Находясь в госпитале в городе Щучинск, я написал письмо тому помощнику начальника штаба своего полка с просьбой сообщить о моем награждении, на что получил ответ, что после того, как меня ранило командир полка полковник Гонтар приказал ему ехать в штаб 222-й дивизии и забрать наградные листы на всех убывших из полка по ранению, на убитых. Это для того, чтобы материалов на награждение от полка было мало, а награжденных у него в полку было всегда больше, чем в других полках. И в том числе наградные материалы на меня были тоже отозваны.
Но это так, к слову. А пока шли упорные бои по расширению и удержанию плацдарма.

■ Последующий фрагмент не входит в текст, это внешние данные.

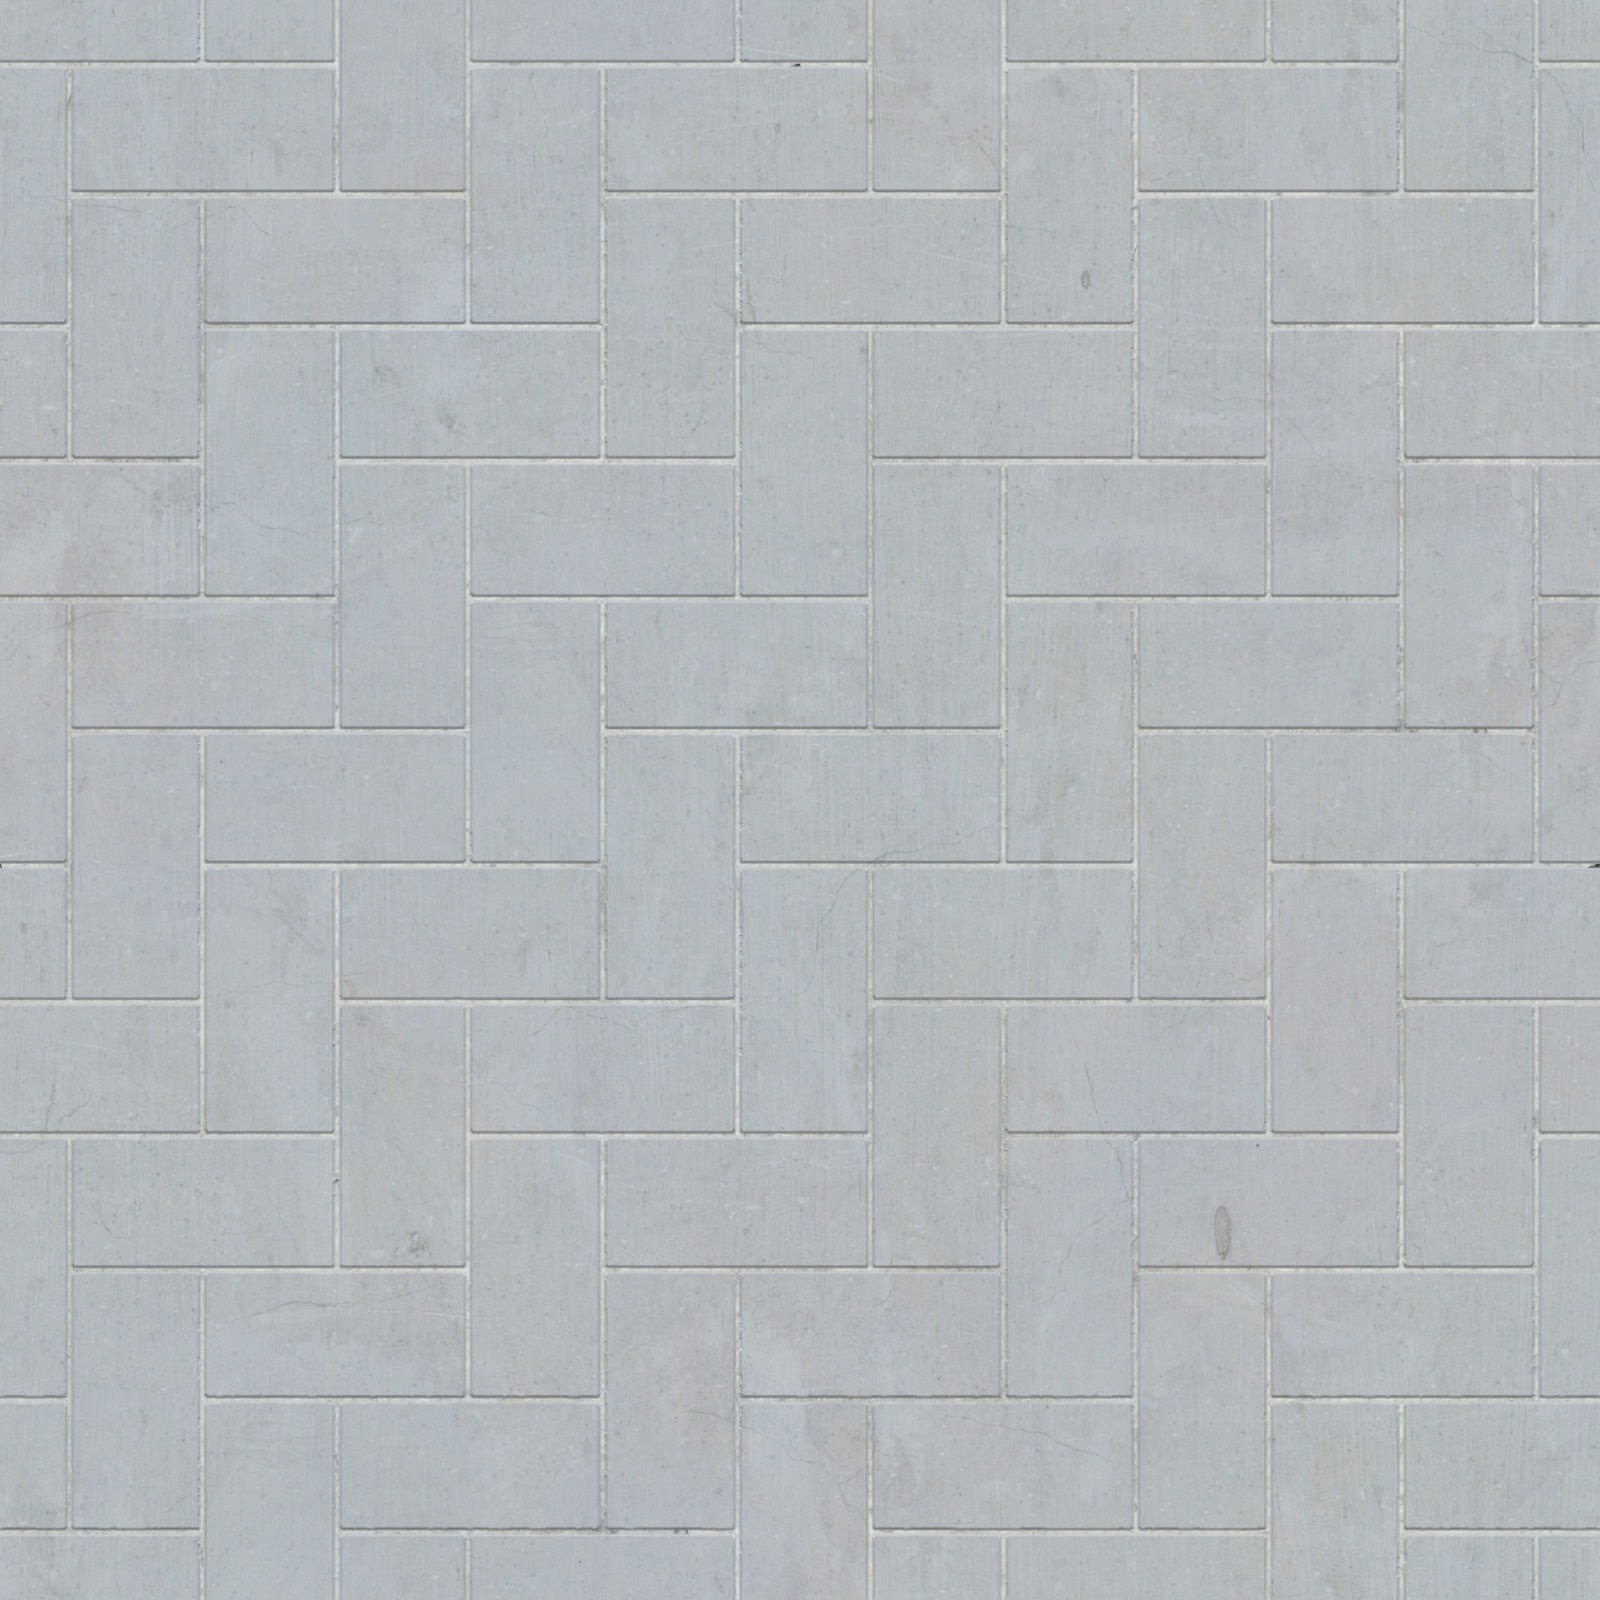 Brick concrete floor tiles seamless texture 2048x2048

18 июля 1944 года был ранен, вторично, но остался в строю со своей ротой. 11 августа 1944 года под селом Волковышки, на границе с Восточной Пруссией был в третий раз тяжело ранен и направлен на излечение в Казахстан, в город Караганда, а оттуда в город Щукинск Кокчетавской области. «Огнестрельный перелом кости правой голени» – так значилось в справке эвакогоспиталя № 4110, где я проходил лечение с 1 октября до 15 декабря.
Разбитая кость, осложнение, повторные операции. Лечился я в общей сложности четыре месяца, но рана заживала плохо из-за остеомиелита. Я был признан негодным к строевой службе.
Признан: «ограничено годен» Первый Украинский фронтВоенно-врачебная комиссия 15 декабря 1944 года предоставила мне отпуск на 30 суток.
По прибытию на свою Родину я, 5 января 1945 года Выгоническим райвоенкоматом был вызван и военно-врачебной комиссией Брянского облвоенкомата был признан негодным к службе для строя, но ограниченно годным вне строя в военное время и направлен на 1-й Украинский фронт командиром 185-й отдельной стрелковой роты при военной комендатуре города Гинденбург (Германия), где приходилось уничтожать с боями отдельные отряды, группы фашистов (в том числе из числа полицаев, власовцев), пытавшихся прорваться на запад. Кроме того, что рота пятью своими взводами обеспечивала в еще трех районных комендатурах порядок, приходилось постоянно вылавливать лазутчиков, специально оставленных фашистами своих офицеров с рациями и даже ловить знаменитую шпионку, которую удалось поймать только уже после окончания войны, в городе Дрезден. Один из пойманных при радиопередаче немецкий офицер в звании капитана покончил с собой у меня на глазах, вскрыв себе вены стеклом от своих очков. Его даже не успели допросить.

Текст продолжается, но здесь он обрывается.